会社を設立したばかりの経営者にとって、日々の業務と並行して進める税務手続きは煩雑に感じられるかもしれませんが、青色申告は経営を支える強力な武器となりえます。

本記事では、会社設立後に法人が青色申告を行う3つのメリットと、運用にあたって知っておくべき注意点について解説します。

法人でも青色申告はできる

青色申告といえば個人事業主をイメージされる方も多いですが、法人であっても青色申告を行うことができます。

むしろ、多くの新設法人が設立と同時に青色申告の承認申請を行っています。

法人の青色申告は、日々の取引を複式簿記によって帳簿に記録し、その記録に基づいて正しく申告を行うことを条件に、税制上の様々な優遇措置を受けられる制度です。

設立したばかりの会社にとって、これらの優遇措置はキャッシュフローを助け、経営の安定化に大きな影響を与えます。

青色申告の制度の利用を始めるには、税務署へ青色申告の承認申請書を提出する必要があります。

なお、申請書提出の期限は、法人設立から3ヶ月以内、または最初の事業年度終了の日のいずれか早い日までと定められています。

法人が青色申告をするメリット

青色申告を選択するメリットは、納税額を直接的に、あるいは将来にわたって軽減できる点にあります。

特に創業期は先行投資がかさみやすいため、税制面での優遇を活用することが重要です。

具体的なメリットは以下の3つです。

 

  • 30万円未満の減価償却資産を経費に一括計上できる
  • 赤字を最大10年間繰り越せる
  • 欠損金の繰戻しで法人税を還付してもらえる

 

それぞれ確認していきましょう。

メリット①30万円未満の減価償却資産を経費に一括計上できる

青色申告をしている法人は、少額減価償却資産の特例を利用することができます。

白色申告の場合、10万円以上の備品を購入した際に、一括で全額を経費にすることはできず、数年間に分けて減価償却を行う必要があります。

しかし、青色申告を行い、少額減価償却資産の特例を利用することで、30万円未満の資産について、購入した年度に一括で全額経費に算入できるようになります。

たとえば、1台25万円のパソコンを導入した場合、白色申告であれば数年かけて経費化するところ、青色申告ならその年の経費として1度に処理できるため、利益が出ている年の税負担を大きく抑えることが可能です。

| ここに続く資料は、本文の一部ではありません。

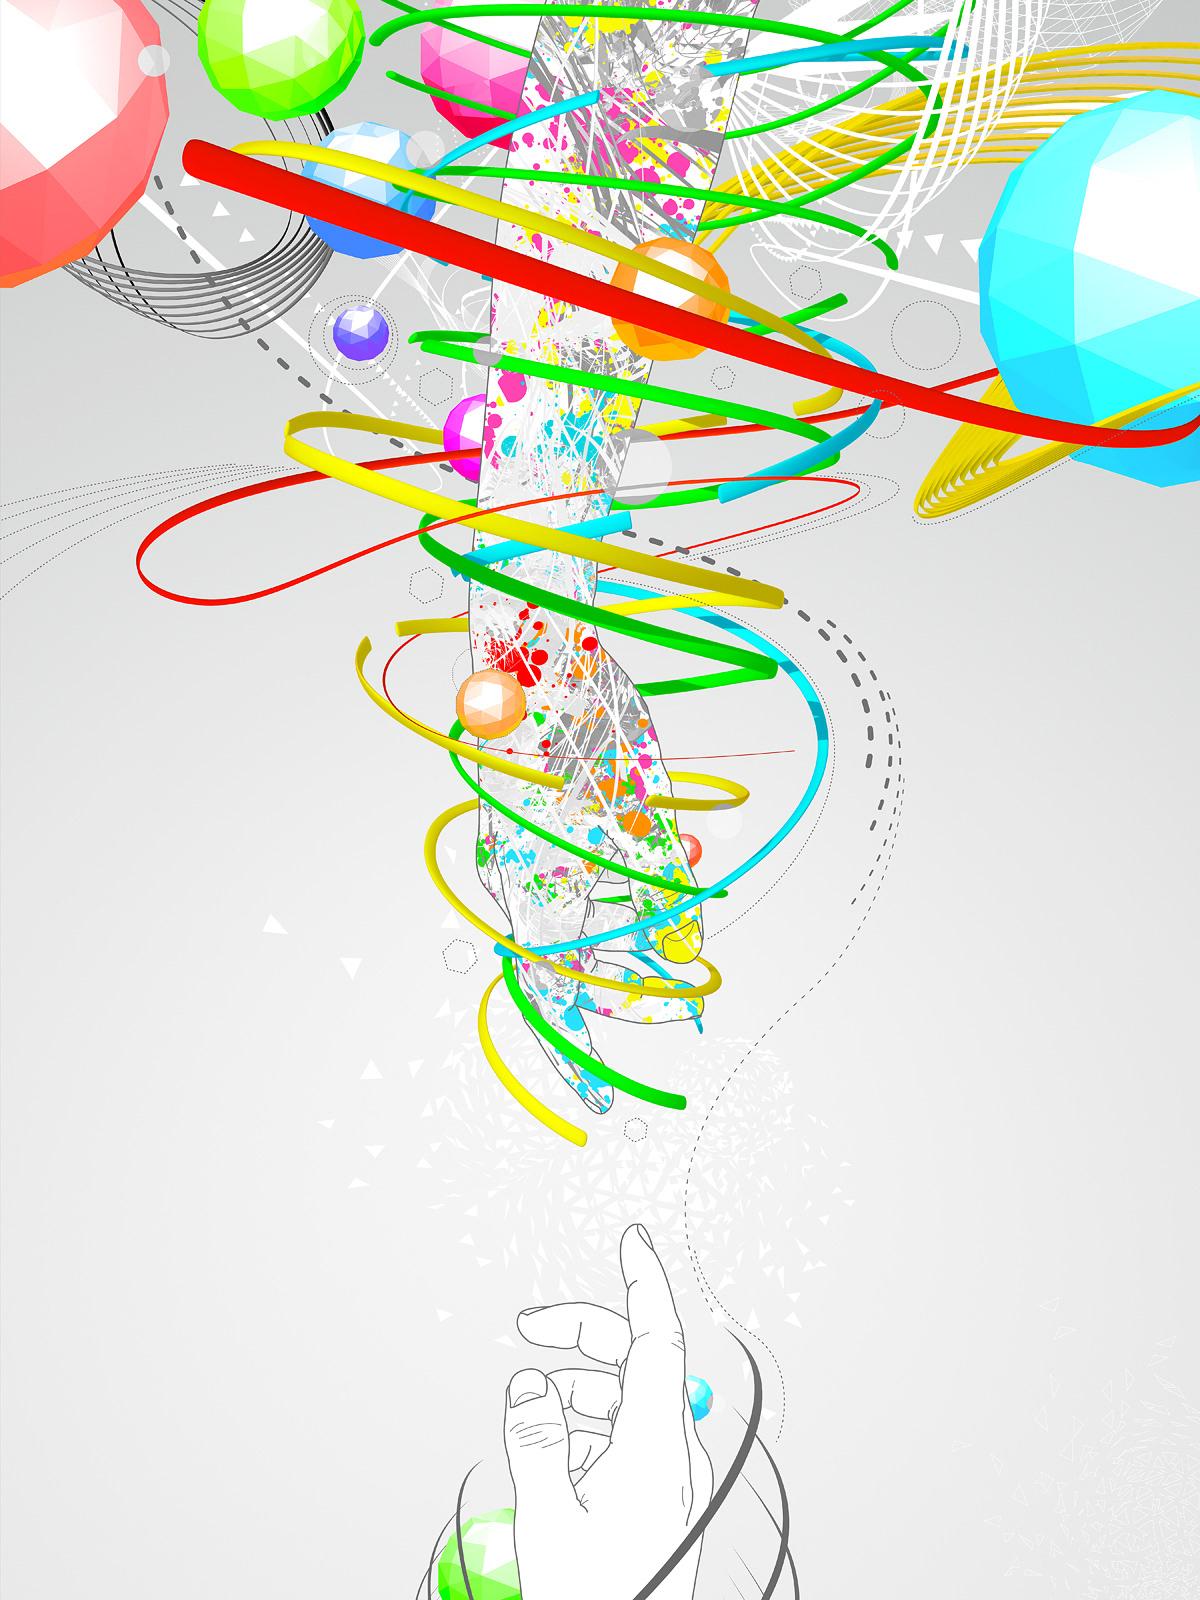 Digital illustration made as a poster for a design studio.

なお、2026年度の税制改正以降は、経費として一括計上できる資産の上限額が、40万円未満に引き上げられます。

設備投資を積極的に行いたい成長期の企業にとって、非常に使い勝手の良い制度と言えます。

メリット②赤字を最大10年間繰り越せる

会社を設立して間もない頃は、売上が安定せず、広告宣伝費や人件費などが先行して赤字になることが少なくありません。

青色申告を行っている法人であれば、この赤字を翌年以降、最長で10年間にわたって繰り越すことができます。

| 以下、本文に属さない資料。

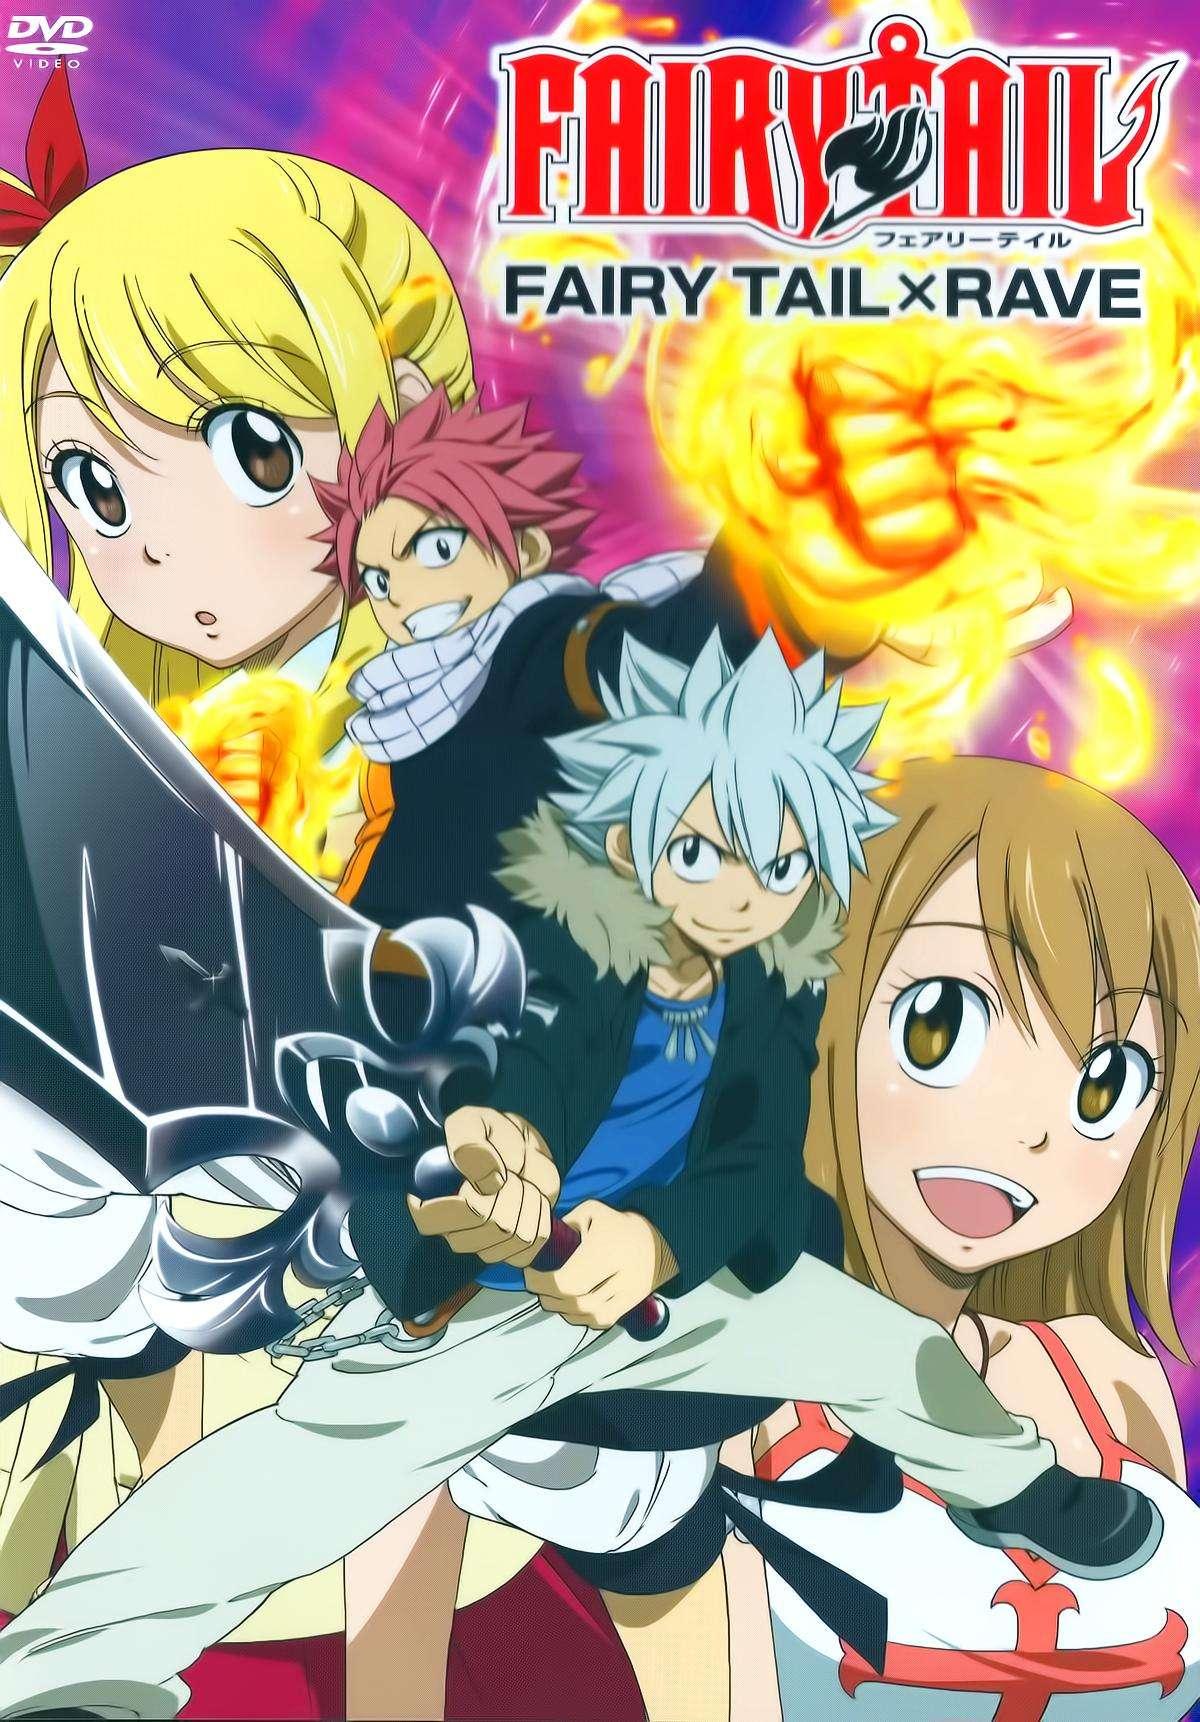 Fairy Tail x Rave (2013)

この欠損金の繰越控除は、事業が軌道に乗り始めた時期の税負担を軽減してくれるため、中長期的な視点での経営をバックアップしてくれるでしょう。

メリット③欠損金の繰戻しで法人税を還付してもらえる

前期に利益が出て納税していたものの、当期に赤字に転じてしまった場合、欠損金の繰戻しによる還付の制度が利用できます。

これは、当期の赤字を前期の利益と相殺することで、既に納めた前期の法人税を現金で返してもらえる制度です。

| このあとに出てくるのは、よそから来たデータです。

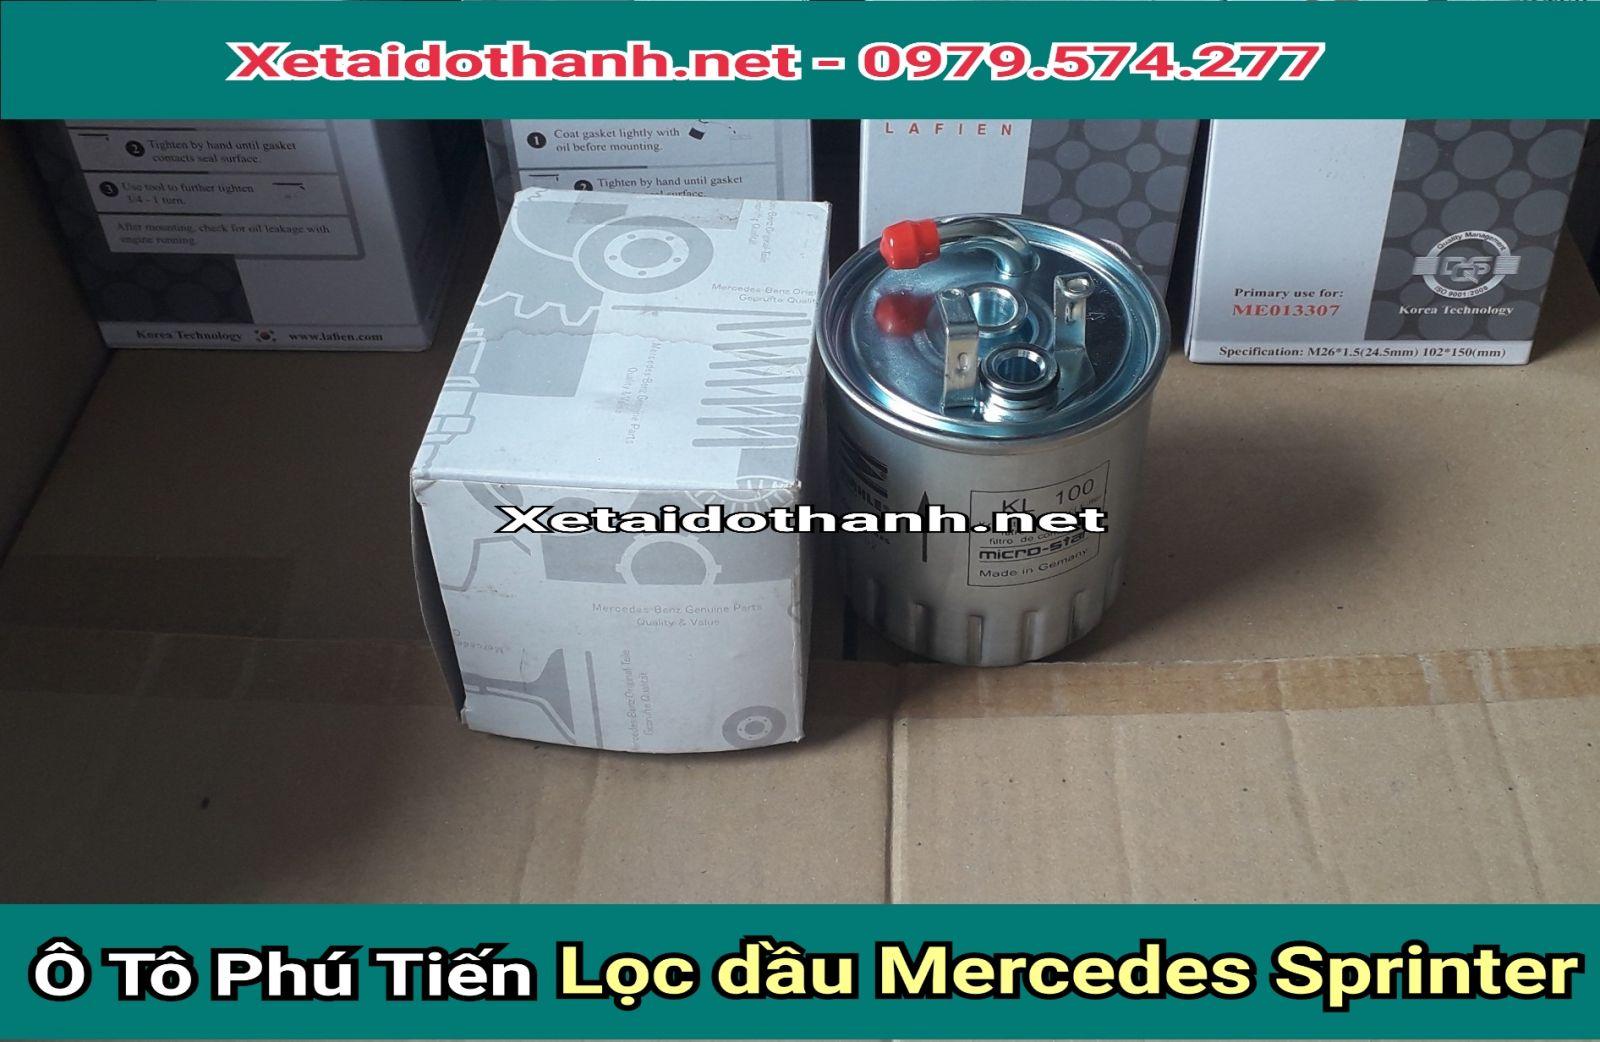 Lọc nhiên liệu Mercedes Sprinter

業績悪化に見舞われた場合でも、この制度を利用することで、直接的な現金として資金が戻ってくるため、万が一に備えて把握をしておくことが重要です。

青色申告の注意点

多くのメリットがある青色申告ですが、以下の2つの注意点を押さえておきえておくことも重要です。

それぞれ見ていきましょう。

少額減価償却は年間300万円まで

30万円未満の資産、2026年の税制改正以降は40万円未満の資産を一括経費にできる特例ですが、いくらでも経費にできるわけではありません。

少額減価償却資産の特例には、年間で合計300万円という上限額が設けられています。

たとえば、20万円の備品を15点購入した場合は合計300万円となり、特例の枠を使い切ります。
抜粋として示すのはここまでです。